In a previous post I examined the problem of will power and unconscious processes. I took the position that free will is real and that we can choose where we place our conscious attention though we cannot necessarily control what our underlying mental and brain processes do with the material that reaches them. As I understood it the academic consensus was pretty sceptical of the whole idea of free will seeing the “illusion” of choice as reducible to automatic brain functions with nothing left over.
This flies in the face of subjective experience, a sense of moral responsibility and most religious traditions including the Bahá’í Faith.
‘Abdu’l-Bahá’s advice about how to meditate clearly presupposes that we can choose where to direct our attention.
The meditative faculty is akin to the mirror; if you put it before earthly objects it will reflect them. Therefore if the spirit of man is contemplating earthly subjects he will be informed of these.
(Paris Talks: page 176)
Moreover he unequivocally believes that all our conscious thoughts are within our control and we can decide what to do about them:
I charge you all that each one of you concentrate all the thoughts of your heart on love and unity. When a thought of war comes, oppose it by a stronger thought of peace. A thought of hatred must be destroyed by a more powerful thought of love. Thoughts of war bring destruction to all harmony, well-being, restfulness and content.
(Paris Talks: page 29)
It is therefore not surprising that I was very pleased to discover a book dealing with a wealth of research that is exactly in line with these intuitions.
The Mind & the Brain by Jeffrey Schwartz and Sharon Begley tackles the complexities of the issue in a most accessible style and marshalls the evidence in an engaging and persuasive way.
Modern neuroscience is now demonstrating what James suspected more than a century ago: that attention is a mental state . . . that allows us, moment by moment, to “choose and sculpt how our ever-changing minds will work, [to] choose who we will be the next moment in a very real sense . . .
(page 18)
The authors discuss in detail various models of mind, highlighting the problems problems with reductionism:
The basic principles of evolutionary biology would seem to dictate that any natural phenomenon as prominent in our lives as our experience of consciousness must necessarily have some discernible and quantifiable effect in order for it to exist, and to persist, in nature at all.
(page 40)
They introduce us to Chalmers‘ notion that consciousness can be regarded as a “non-reductive primitive,” a “fundamental building block of reality” (page 47).
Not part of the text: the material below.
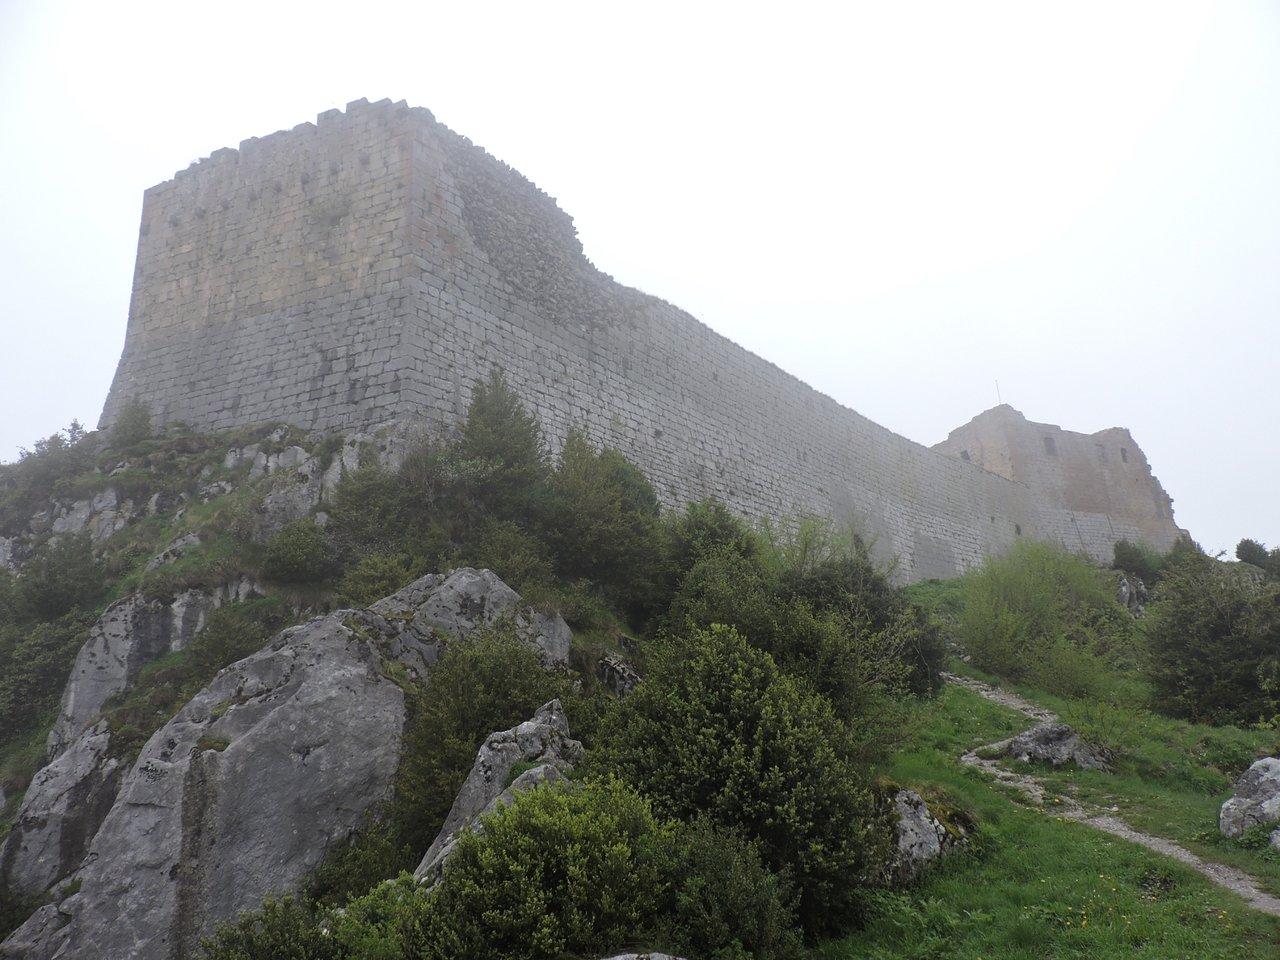 338-chateau-de-montsegur.jpg

It would be impossible to describe all the evidence they adduce to support the claim that volition is real and its exercise can change the brain, i.e. mind alters matter in this case and it cannot be explained as one part of the brain working on another part.
Crucially, they draw on Schwartz’s work with patients suffering from Obsessive-Compulsive Disorder who had agreed to combine the therapy with regular brain scans. This work showed (page 90) that “self-directed therapy had dramatically and significantly altered brain function.” His model involves four stages. He concludes:
The changes the Four Steps can produce in the brain offered strong evidence that willful [i.e. willed], mindful effort can alter brain function, and that such self-directed brain changes – neuroplasticity – are a genuine reality.
(page 94)
In case we miss the full implications of this work they spell them out:
The clinical and physiological results achieved with OCD support the notion that the conscious and willful mind cannot be explained solely and completely by matter, by the material substance of the brain. In other words, the arrow of causation relating brain and mind must be bidirectional. . . . And as we will see, modern quantum physics provides an empirically validated formalism. that can account for the effects of mental processes on brain function.
(page 95)
That last idea is something that will have to wait for another post, when I have read the whole book, rather than just the first half of it. I am simply too excited by the ideas expressed to wait until then to share my enthusiasm for what they are saying.